Markgraf v. Welker
2015 ND 303
| N.D. | 2015Background
- Plaintiffs Markgraf and Shanahan (descendants of Kathryn Nelson) sued Welker and Ostrem to quiet title to mineral interests conveyed in a 1965 grant deed to "Arnold Hannah, Trustee," alleging W.J. Hannah intended a family trust (resulting or constructive) with Arnold holding title for beneficiaries.
- Plaintiffs offered documents (deeds, letters, check register, leases) and affidavits showing Arnold managed the property, accounted for income/expenses, and made disbursements to family members.
- Defendants moved for summary judgment arguing the 1965 deed conveyed title to Arnold individually ("Trustee" surplusage under N.D.C.C. § 47-09-12), the trust claim fails, and the quiet title claim is time-barred by the 20-year statute.
- Plaintiffs cross-moved for summary judgment asserting clear and convincing evidence created an implied (resulting) trust when the deed was executed.
- The district court denied defendants’ evidentiary challenges, found the documentary statements admissible as evidence of intent (not hearsay), concluded a resulting trust existed, and granted plaintiffs’ summary judgment.
- The Supreme Court reversed and remanded, holding summary judgment was inappropriate because material factual inferences conflicted and the court improperly resolved credibility/inferences at summary judgment; evidentiary rulings were affirmed but issues of trust creation and statute of limitations require further factfinding.
Issues
| Issue | Plaintiff's Argument | Defendant's Argument | Held |
|---|---|---|---|
| Admissibility of documentary evidence/affidavits | Documents and letters show outward manifestations of intent to create a trust and are admissible (not offered for truth but to show intent). | Many exhibits are inadmissible hearsay and lack foundation; attorney affidavit insufficient foundation. | Court correctly refused to strike: documents characterized as non-hearsay verbal acts and supplemented foundation via plaintiff's supplemental affidavit and interrogatory responses. |
| Existence of implied trust (resulting or constructive) | The 1965 deed to "Arnold Hannah, Trustee" and Arnold’s subsequent conduct (accounting, disbursements, leases signed "Trustee") show intent to create a resulting trust by clear and convincing evidence. | Deed unambiguously conveyed title to Arnold individually; letters by Arnold state "no trust" and show family agreed he could keep minerals as compensation; evidence is inconsistent and requires credibility determinations. | Reversed: summary judgment for plaintiffs was improper because reasonable, conflicting inferences exist; implied trust is a factual question requiring trial. |
| Whether trust was repudiated (statute of limitations) | Trustee possession is possession of beneficiaries; statute of limitations does not bar the action unless the trust was repudiated. | If Arnold and siblings agreed before 1985 that Arnold would keep minerals, that repudiation would start the 20-year limitations period. | Not decided on summary judgment.

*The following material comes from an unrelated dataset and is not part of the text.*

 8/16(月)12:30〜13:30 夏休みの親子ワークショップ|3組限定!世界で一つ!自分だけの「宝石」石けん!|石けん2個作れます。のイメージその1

Applicability of N.D.C.C. § 28-01-04 depends on whether an implied trust existed and whether it was repudiated; remanded for factual resolution. |
| Appropriateness of summary judgment | Plaintiffs: undisputed record establishes trust; judgment correct. | Defendants: disputes in record require weighing and credibility; summary judgment improper. | Court: summary judgment inappropriate where material credibility/inference issues exist; remand for further proceedings or trial on the stipulated record. |
Key Cases Cited
- Hamilton v. Woll, 823 N.W.2d 754 (N.D. 2012) (standard of review and limits on summary judgment).
- McColl Farms, LLC v. Pflaum, 837 N.W.2d 359 (N.D. 2013) (affidavits must show personal knowledge and admissible facts for summary judgment).

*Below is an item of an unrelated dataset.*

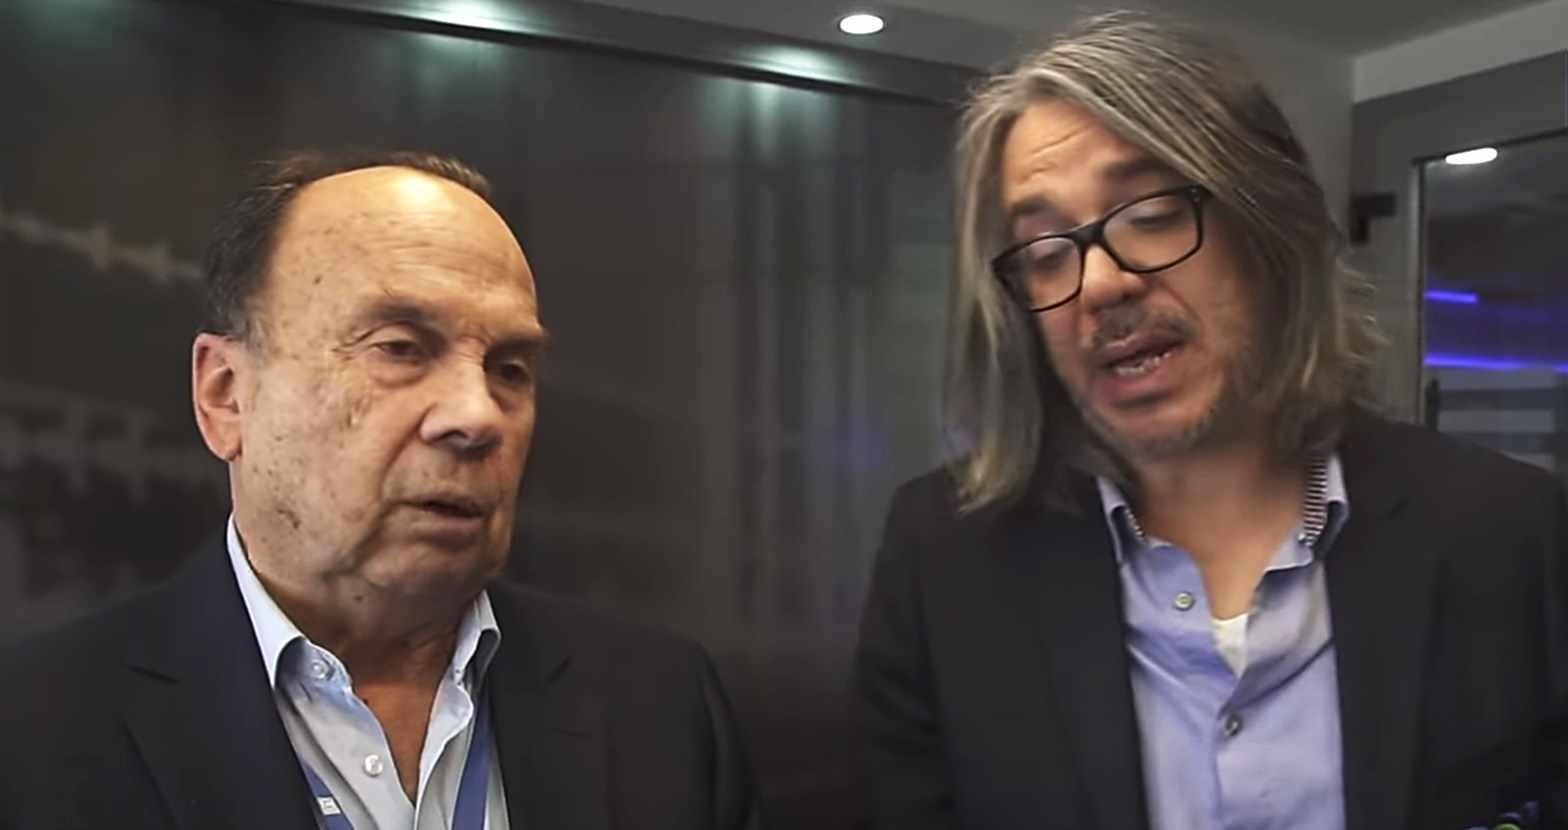 Peláez y De Francisco En La W, audio del 24 de mayo de 2021

- Moen v. Thomas, 627 N.W.2d 146 (N.D. 2001) (statements showing parties’ words/acts are verbal acts, not hearsay, when offered to prove those words were spoken).
- Spagnolia v. Monasky, 660 N.W.2d 223 (N.D. 2003) (distinguishing resulting and constructive trusts; resulting trust based on outward manifestations of intent).

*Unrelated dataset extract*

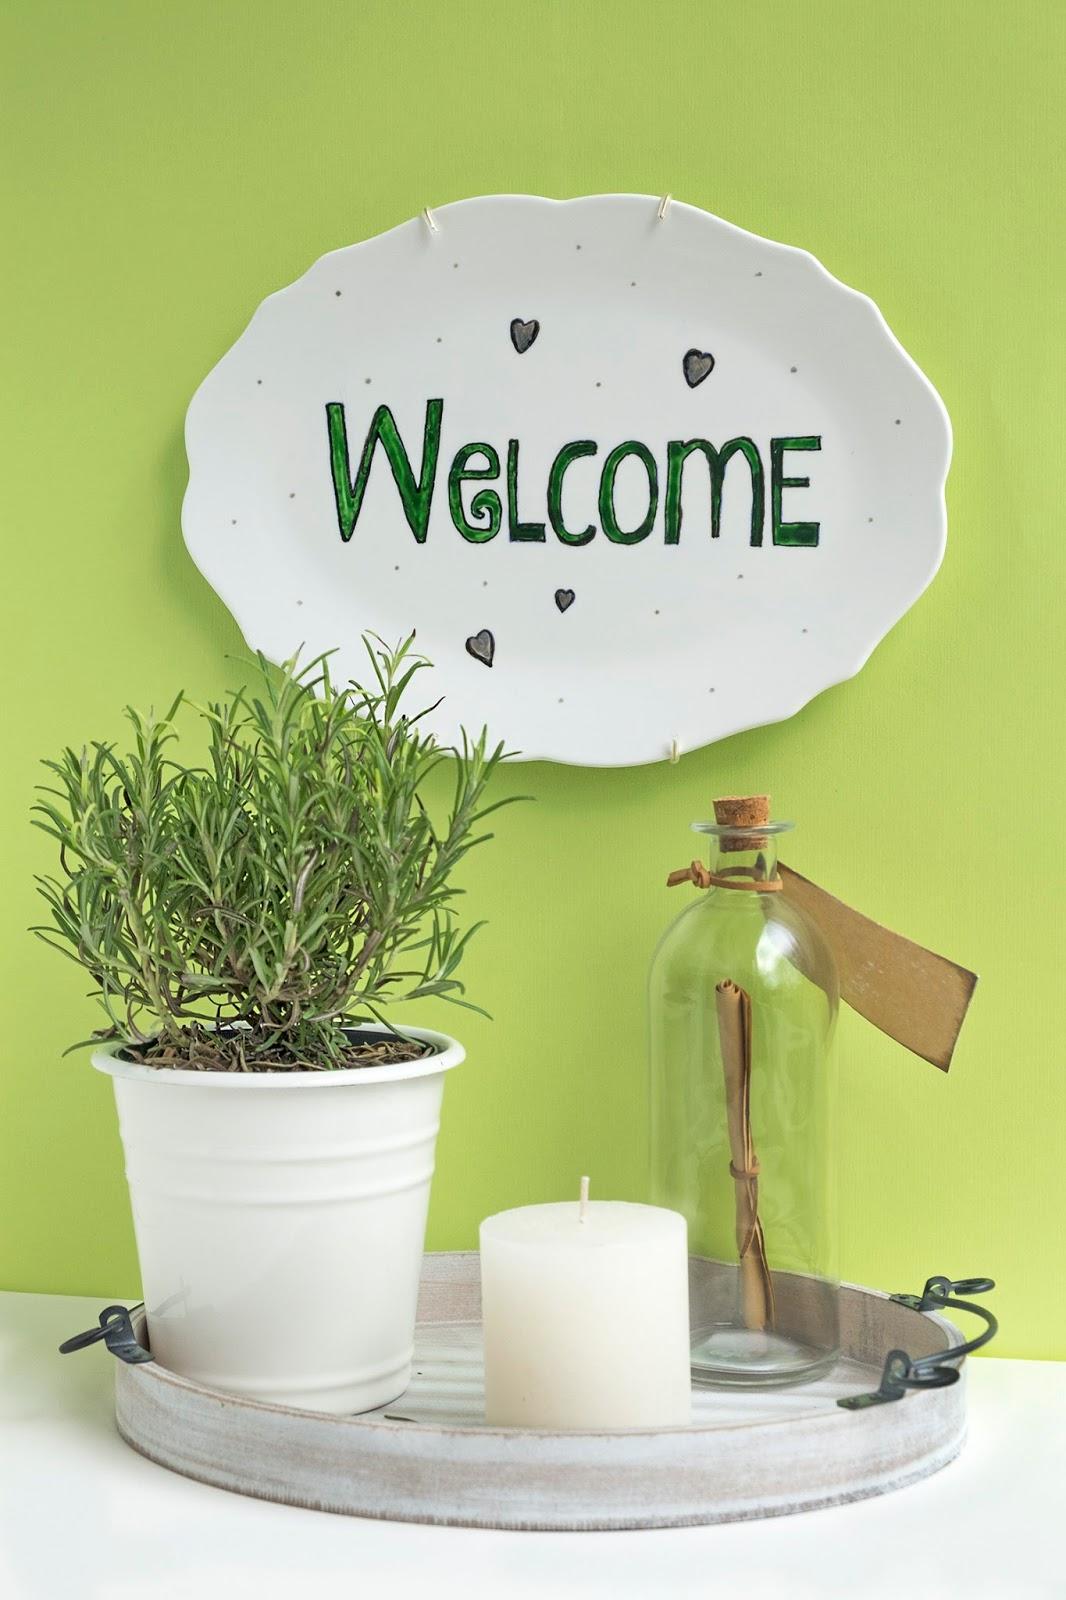 diy welcome op porselein schilderen uitleg

- McGhee v. Mergenthal, 735 N.W.2d 867 (N.D. 2007) (implied trust must be proved by clear and convincing evidence).
- Schroeder v. Buchholz, 622 N.W.2d 202 (N.D. 2001) (elements of constructive trust: unjust enrichment and confidential relationship).
- James v. Griffin, 626 N.W.2d 704 (N.D. 2001) (application of the 20-year limitations provision to quiet title claims).